Here's one I made, based on the Apple bow vise, but heaps stronger (made from 1/2" mild steel rod, instead of 3/8")


----------



## BUSHfire (Jan 6, 2010)

turkeybuster said:


> get a piece of rubber (inner tube or something) and make some rubber washers to go between your two pieces of flat stock and the round arms, it should give you enough friction to help or cure the problem. just a thought, and looks great, good job.........:thumbs_up


Thanks for the good suggestion, but I tried this already it didn't work, it made it to squashy to tune the bow...


----------



## mconroy (Nov 22, 2011)

Use set screws, they are cupped on the end and are designed to hold against round stock. you might want to weld a handle on the if the head is square or buy the type that uses an allen wrench.


----------



## nycredneck (Nov 9, 2007)

Nice vice, nice price!


----------



## BUSHfire (Jan 6, 2010)

thanks gents, I use this vice ALLLLLLLLLL the time, and yes the best part about it was the price :shade:


----------



## kc hay seed (Jul 12, 2007)

rubber washers might help you a lot between the flat pieces and the rods.


----------



## Bowman87 (Dec 15, 2012)

Nice vice man I would've never thought to use the stableizer hole to thread a rod into this is my vice I made at work last week haven't got to paint it yet an still have a littlel tweaking to do


----------



## BUSHfire (Jan 6, 2010)

^^^ nice!


----------



## apamambax (Dec 23, 2009)

mconroy said:


> Use set screws, they are cupped on the end and are designed to hold against round stock. you might want to weld a handle on the if the head is square or buy the type that uses an allen wrench.
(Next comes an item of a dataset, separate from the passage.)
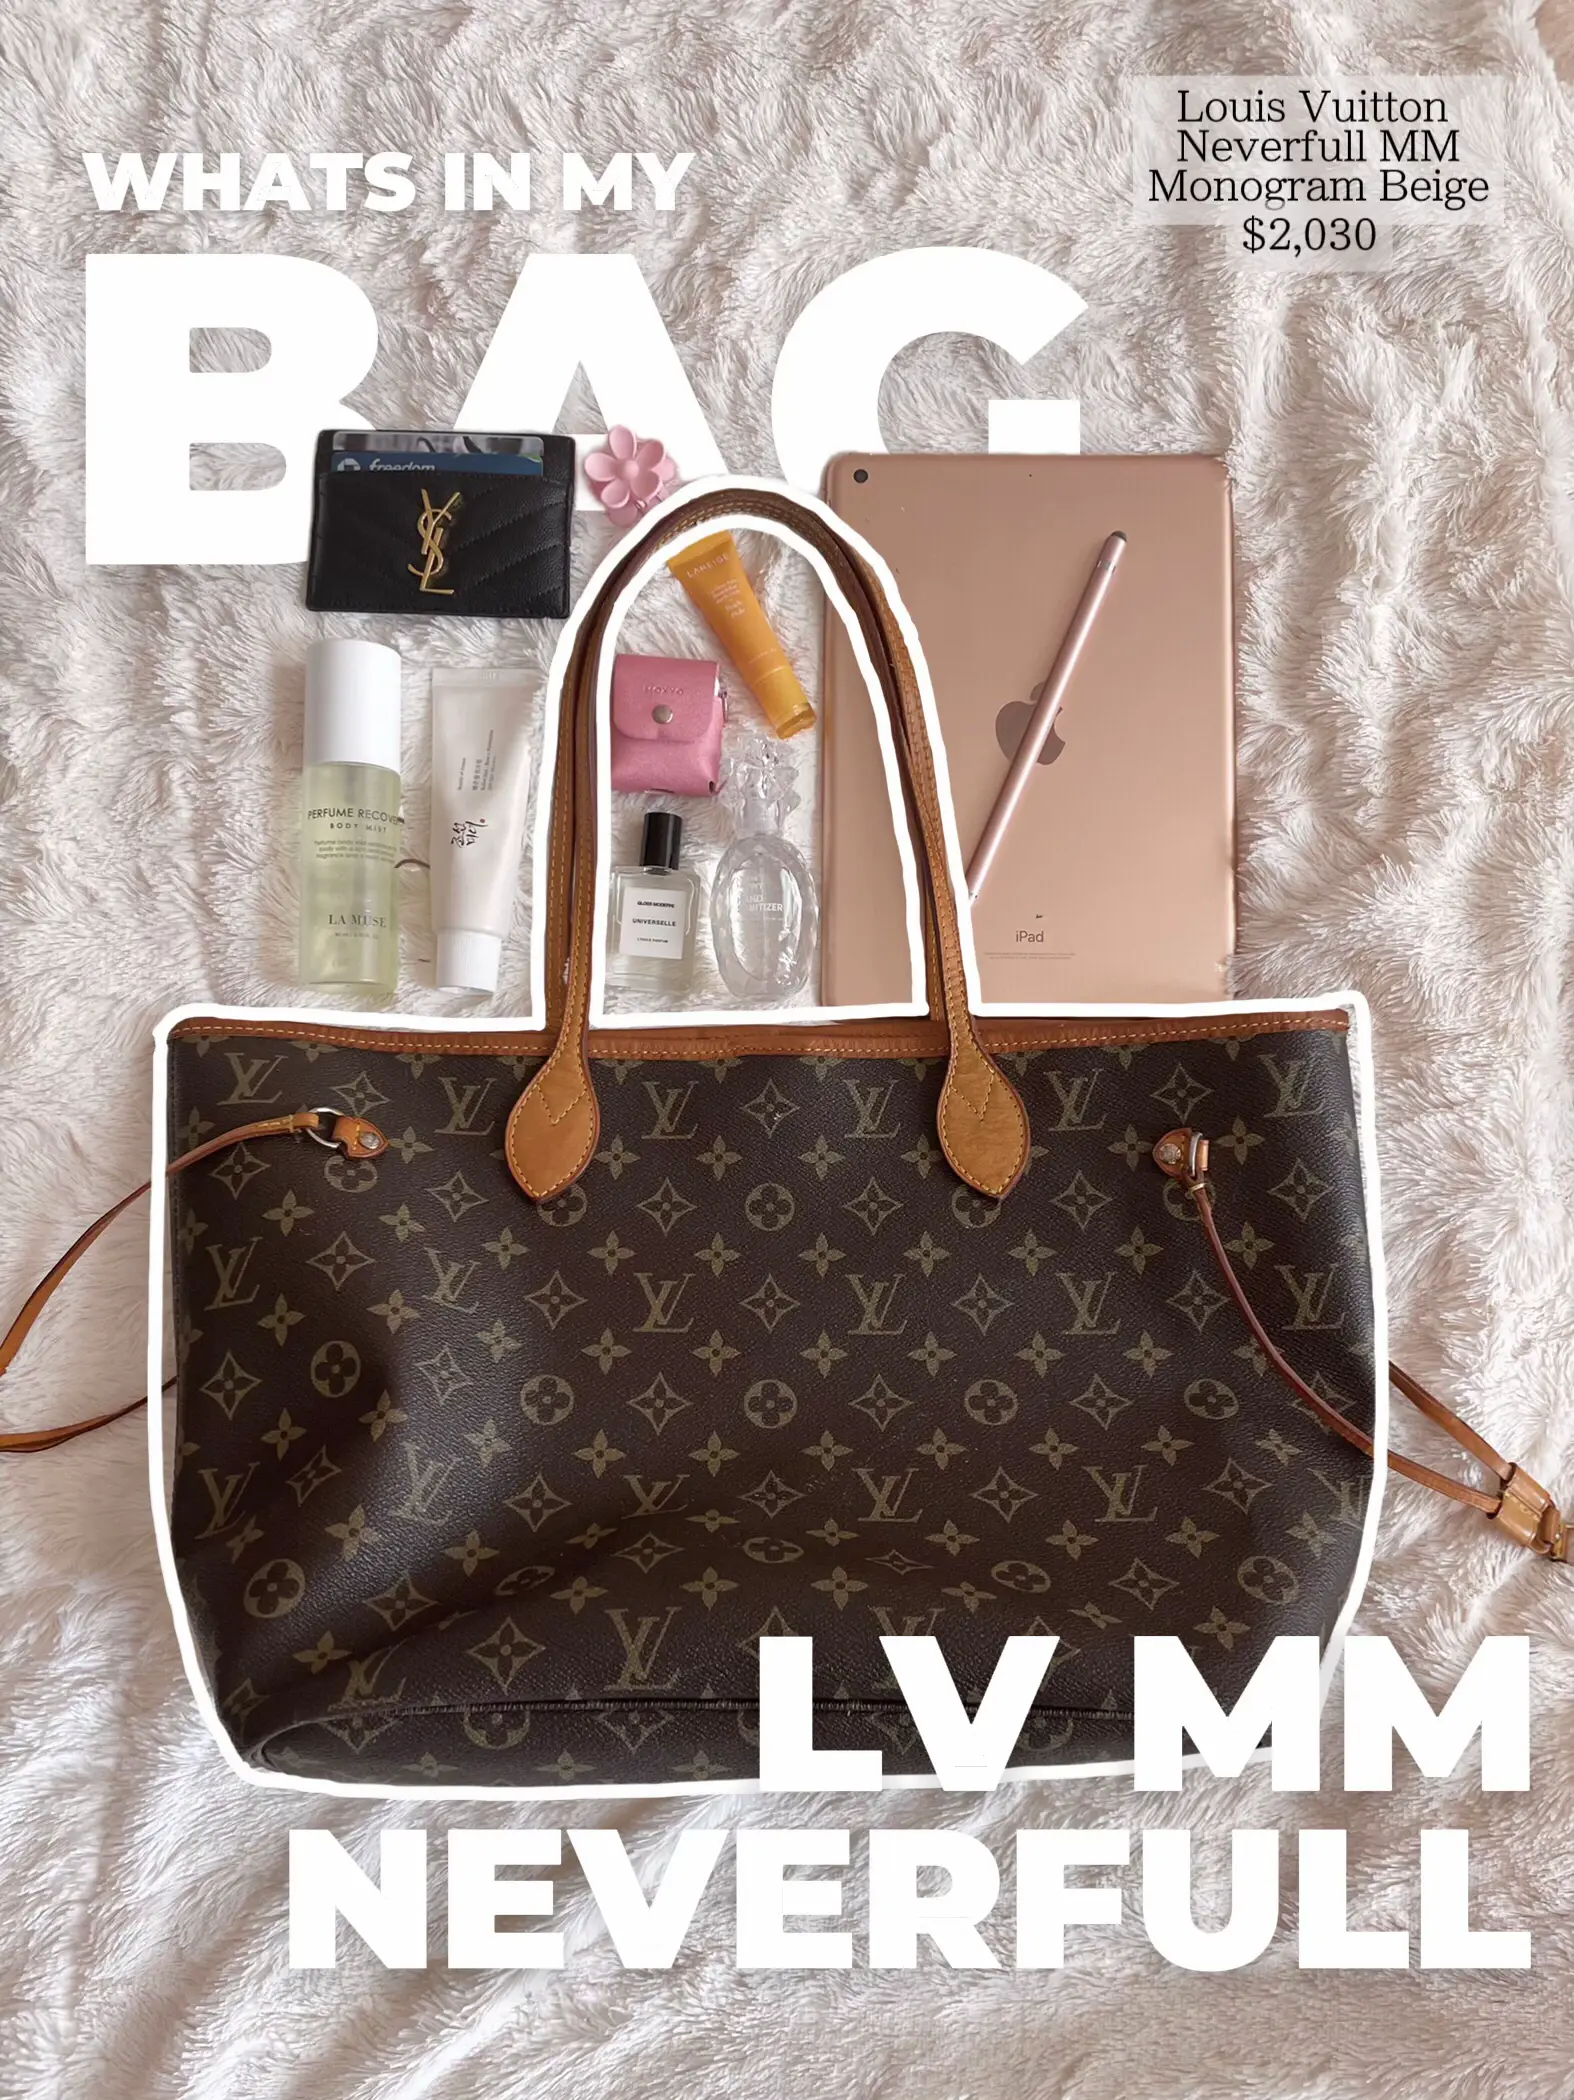 These four #louisvuitton bags sold in less than three days! Louis

drill the center of knobs bolts out with a bit that is smaller than bolt but drill only a dimple it will give th set screw effect


Sent from my SpiralXed SuperTEC


----------



## Bowman87 (Dec 15, 2012)

Im gonna try drilling mine like apamambax said I just about have to use pliers to tighten it enough to hold my bow


----------



## apamambax (Dec 23, 2009)

i hadnt thought about it till someone mentioned the set screws being that way...i redrilled my apple knobs this morn and it makes it easier to snug up


Sent from my SpiralXed SuperTEC


----------